# Records drawn from a dataset:
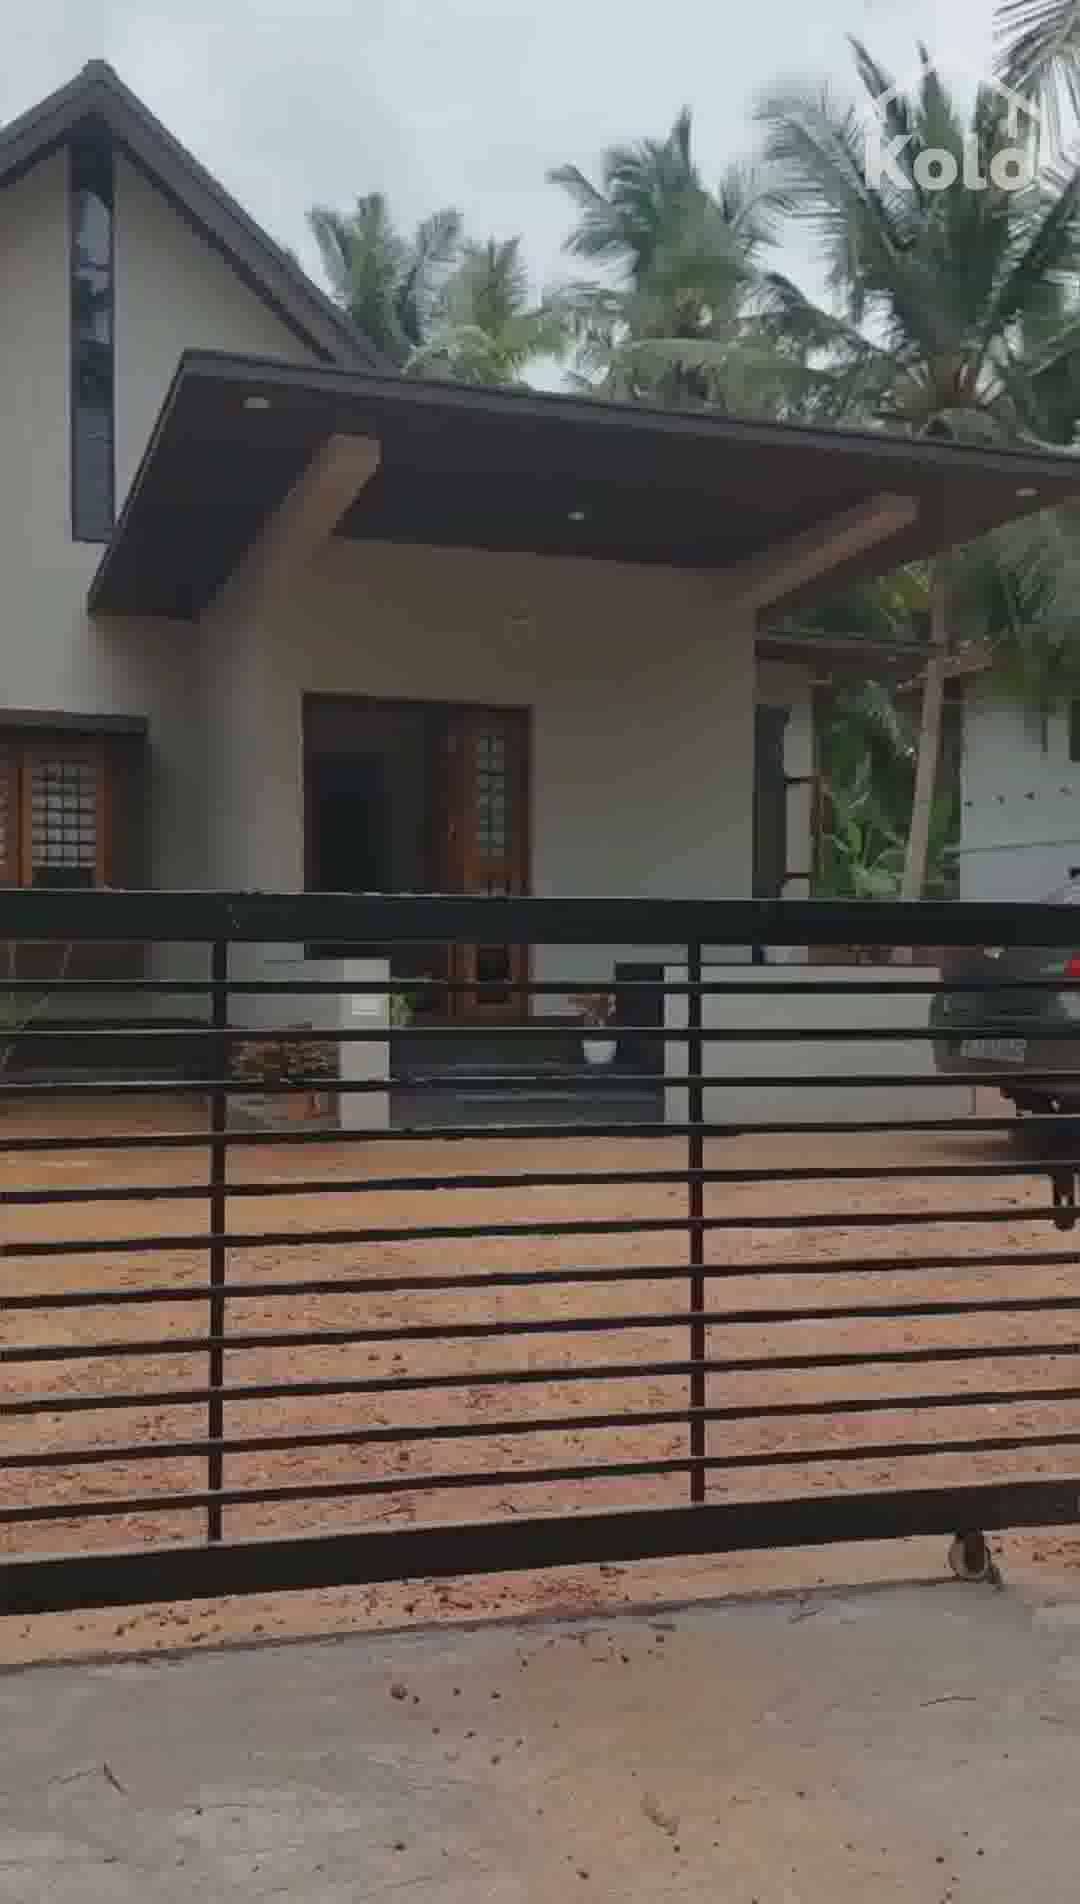 Traditional House | Kasargod

Design: CANOPY COMPANY
Architect
Kannur, Kerala

Kolo App link: https://koloapp.in/posts/1628827510

Kolo - India’s Largest Home Construction Community 🏠

#home #keralahouse #residence #residencedesign #house #koloapp #keralagram #reelitfeelit #keralagodsowncountry #homedecor #homedesign #keralahomedesignz #keralavibes #instagood #interiordesign #interior #interiordesigner #homedecoration #homedesignideas #keralahomes #homedecor #homes #traditional #kerala #homesweethome #architecturedesign #architecture #keralaarchitecture

# WHAT YOU WILL DO:
Copy out the data verbatim, excluding the pictures.

# EXERCISE SOLUTION:
 Traditional House | Kasargod

Design: CANOPY COMPANY
Architect
Kannur, Kerala

Kolo App link: https://koloapp.in/posts/1628827510

Kolo - India’s Largest Home Construction Community 🏠

#home #keralahouse #residence #residencedesign #house #koloapp #keralagram #reelitfeelit #keralagodsowncountry #homedecor #homedesign #keralahomedesignz #keralavibes #instagood #interiordesign #interior #interiordesigner #homedecoration #homedesignideas #keralahomes #homedecor #homes #traditional #kerala #homesweethome #architecturedesign #architecture #keralaarchitecture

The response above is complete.